Greg St. Louis, the city’s director of engineering and municipal operations, confirmed the city was just a few weeks away from implementing chloramine, with the infrastructure in place to do so.

He said the change to chlorination won’t require any revisions to the system, and described the cost of the chloramination system – that will not be utilized – as “minimal.”

“Because chloramination is the addition of ammonia, you have two chemical pumps. One pump provides chlorine and the other provides ammonia,” St. Louis explained. “So you’re just not running one pump.”

St. Louis predicted that once the city is fully chlorinating the water supply – currently only the Merklin Street wells are treated – residents will notice the esthetic effects that result from the chlorine reacting with high manganese levels in the water.

“The public seemed not to be concerned with the staining of fixtures,” St. Louis said. “However, the Canadian Drinking Water Guidelines does include esthetic qualities. I don’t believe the water is going to be as clear as it currently is.”

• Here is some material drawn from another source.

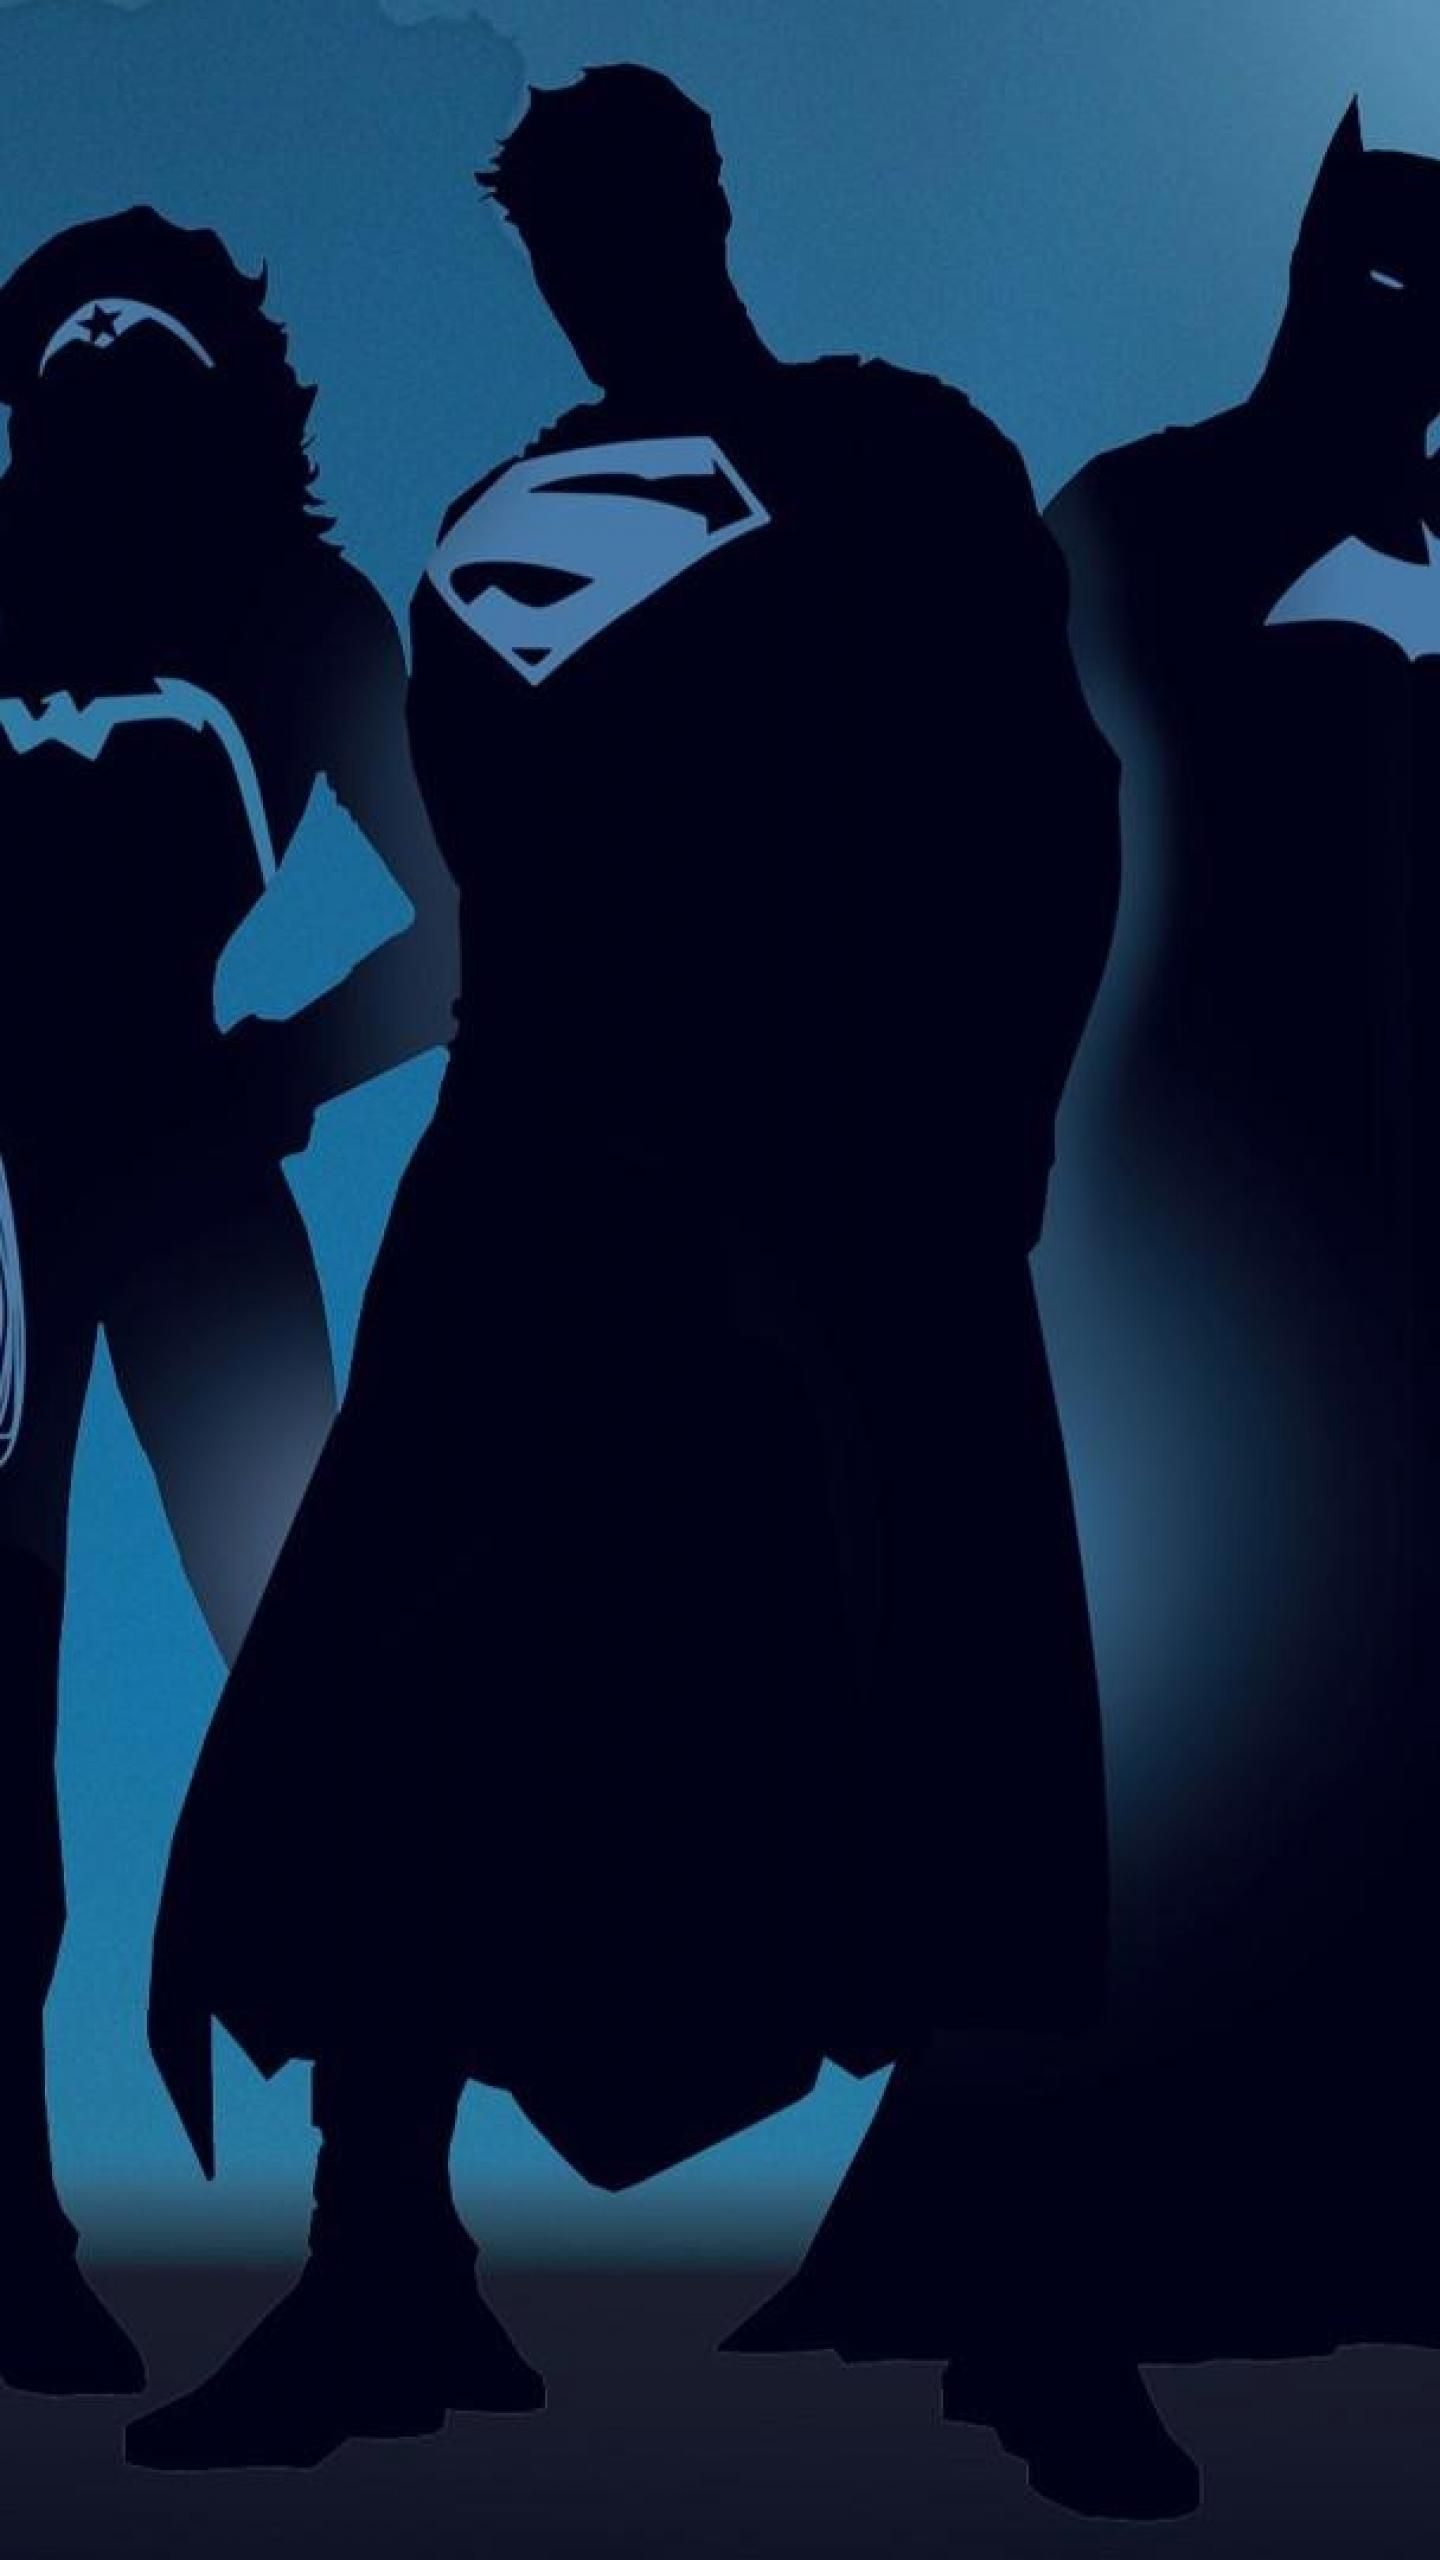 Superhero Mobile Wallpapers Top Free Superhero Mobile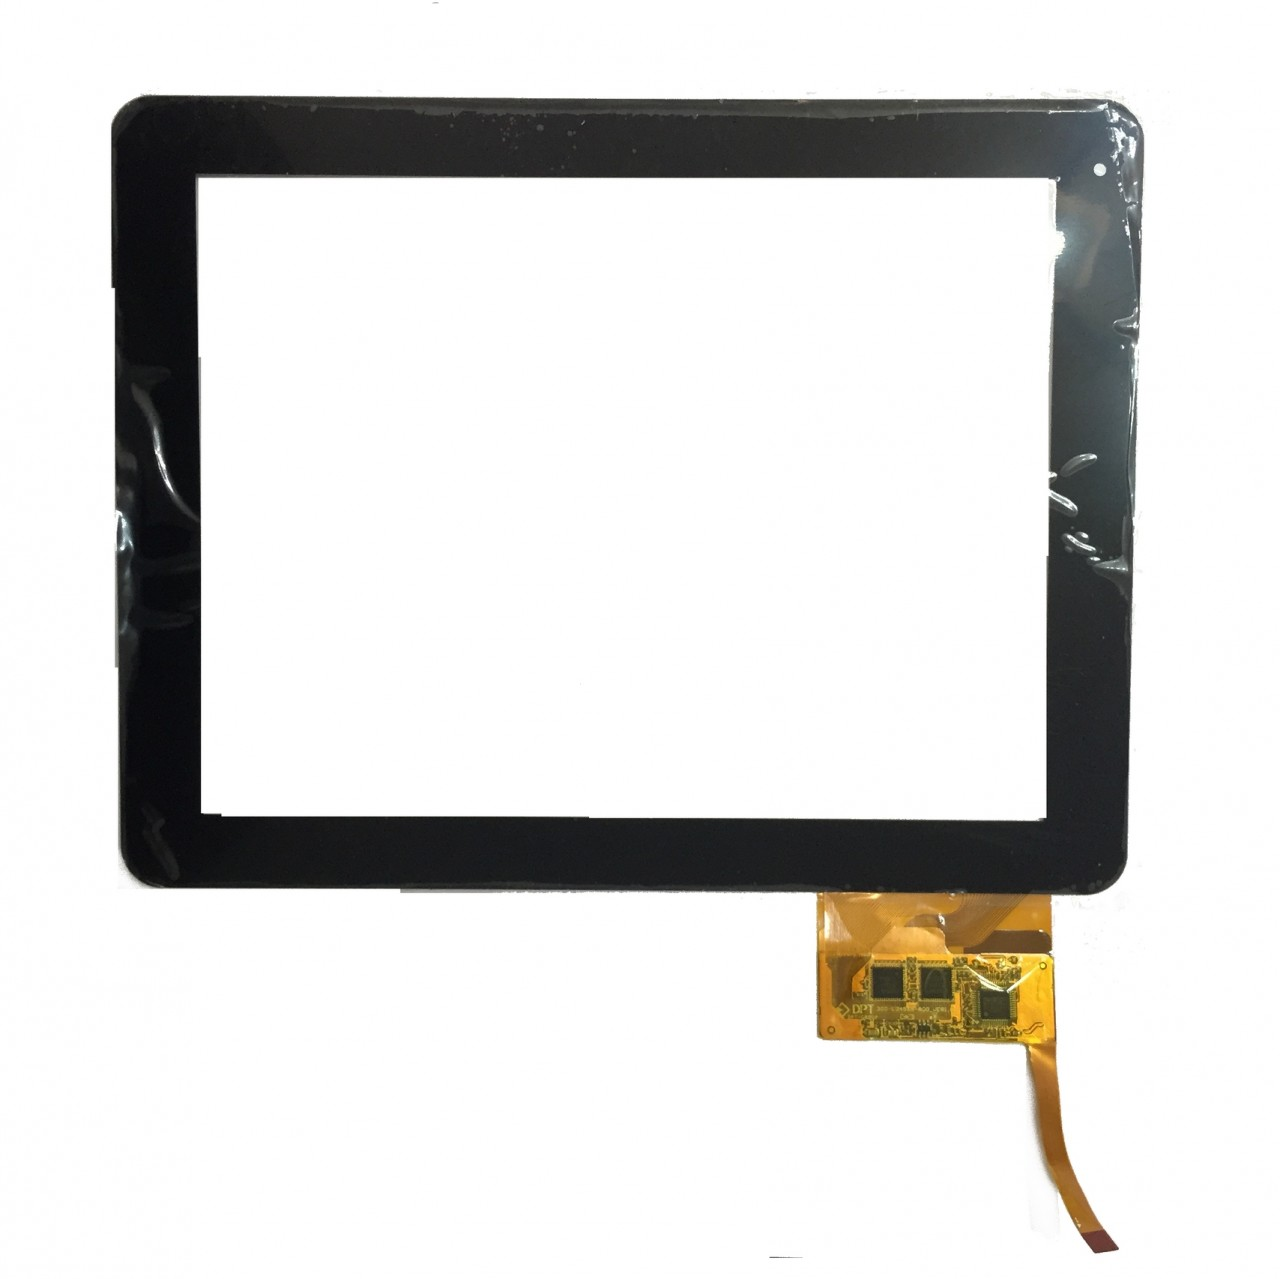 Touchscreen Digitizer Allview Alldro 3 Geam Sticla Tableta imagine powerlaptop.ro 2021

Options for treating the water’s manganese and arsenic levels – which are close to reaching the highest allowable levels – were also discussed Monday, when council learned a treatment plan would take two to three years to implement.

Lawrence, who noted he completed his undergrad in biochemistry and described the water system as “dear to his heart,” said addressing arsenic and manganese levels “has to be a major focus for us moving forward.”

The city took ownership and operation of the water utility Oct. 30, despite not having an agreed-upon price in place with Epcor.

Prior to purchasing the utility, the city commissioned a report from Metro Vancouver outlining the projected costs of joining the region’s water system instead. According to Baldwin, that report – which was kept in-camera – is expected to be made public next month, after Metro Vancouver passes a resolution to do so. The report has been subject of speculation by some residents who have questioned the city’s purchase of the utility at an undetermined price.

“Once that comes out, some of the very simplistic notions that people have had will be dismissed, let’s put it that way,” Baldwin said.